But it got the point across: We were Irish — we were passionate people, impractical people, people with heart. We loved a good tune, though not so much a good pint. We loved the green hills and  fields of Ireland; we liked to think we embodied its soul.

Later on, I would learn that had we some of the less attractive traits of the island nation: a certain clannishness and suspicion. We would live through a punishing family feud.

But still, on St. Patrick’s Day, and especially on this one — the first without Mom — I raise my glass to the spirit of the place we came from. Erin go Bragh!

Capitol View

Capitol View

Union Station is one of those grand front doors, a place that’s meant to be exited. Walk beneath the arched portico and glimpse the Capitol before you.

While your peripheral vision takes in the comings and goings of a bustling depot — the cab queue, the travelers with wheeled bags, the buses and cars heading around the drive — what you see first is the Capitol dome.
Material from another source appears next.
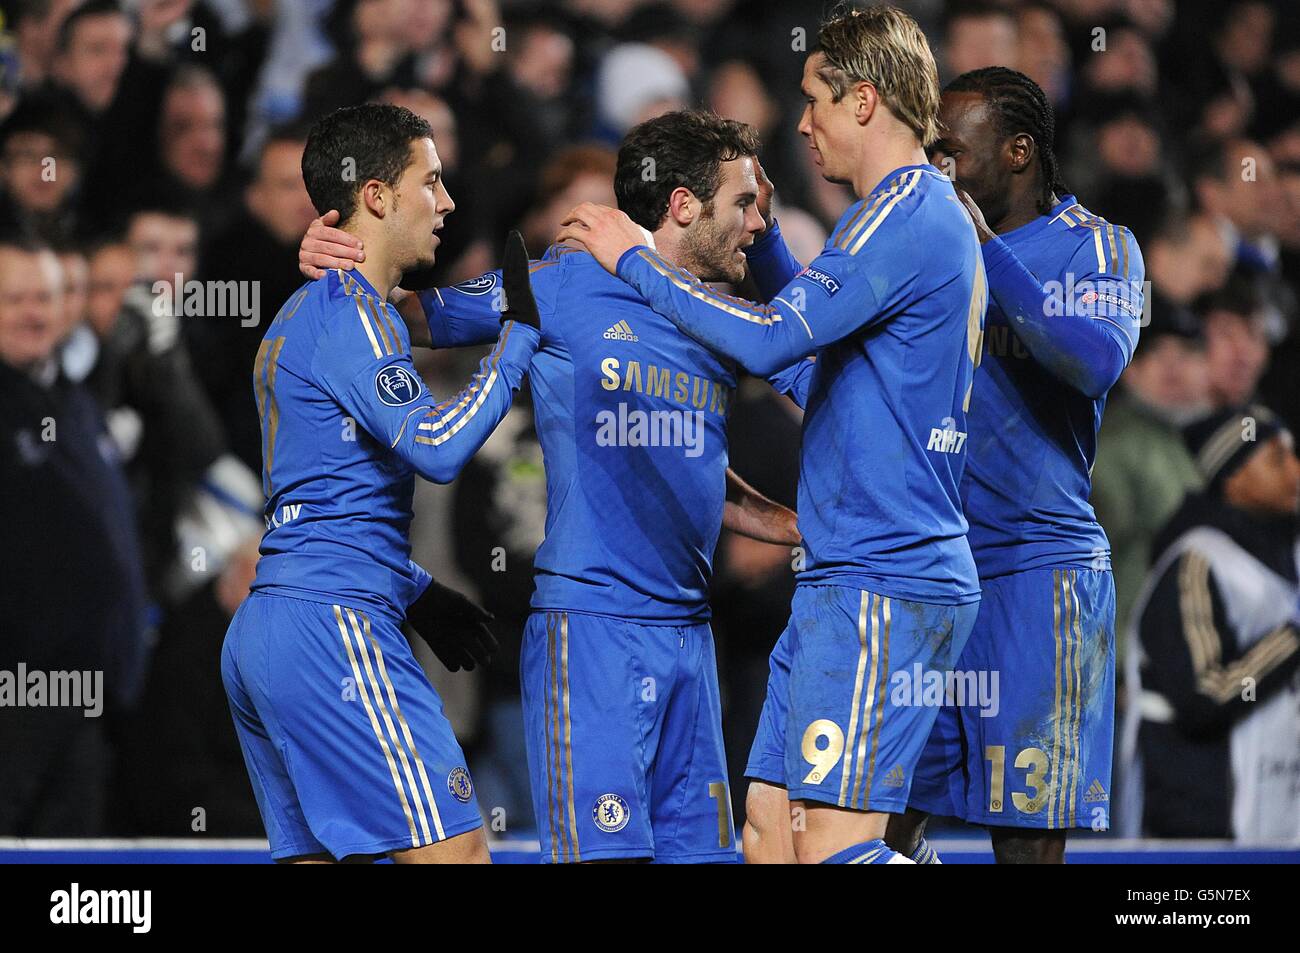 Chelsea's Juan Mata (centre) celebrates scoring their fifth goal of the game with team-mates Stock Photo

I was remembering yesterday the first time I walked out the doors of Union Station. I’d arrived from Kentucky with a bunch of other eighth-graders. Some of us were staying in D.C. and others were taking a bus to New York City.

I was in the latter group — by choice, I might add. Even then, the Big Apple beckoned. But when I walked out of Union Station and saw the Capitol, I had to catch my breath. There was the city’s icon visible within minutes of arrival. There was a place I’d seen pictures of in textbooks but never imagined seeing in real life.

Yesterday I walked by this spot again. I stopped and thought about the twists and turns and decisions that brought me here. What circuitous paths our lives take. Would we have it any other way?

Timber!

Timber!

Today the red oak that shaded the sandbox, up which a large tiger-striped cat was once stuck for hours — that tree is coming down. It joins more of its compatriots than I’d care to count. Victims of age and drought; well loved and much mourned.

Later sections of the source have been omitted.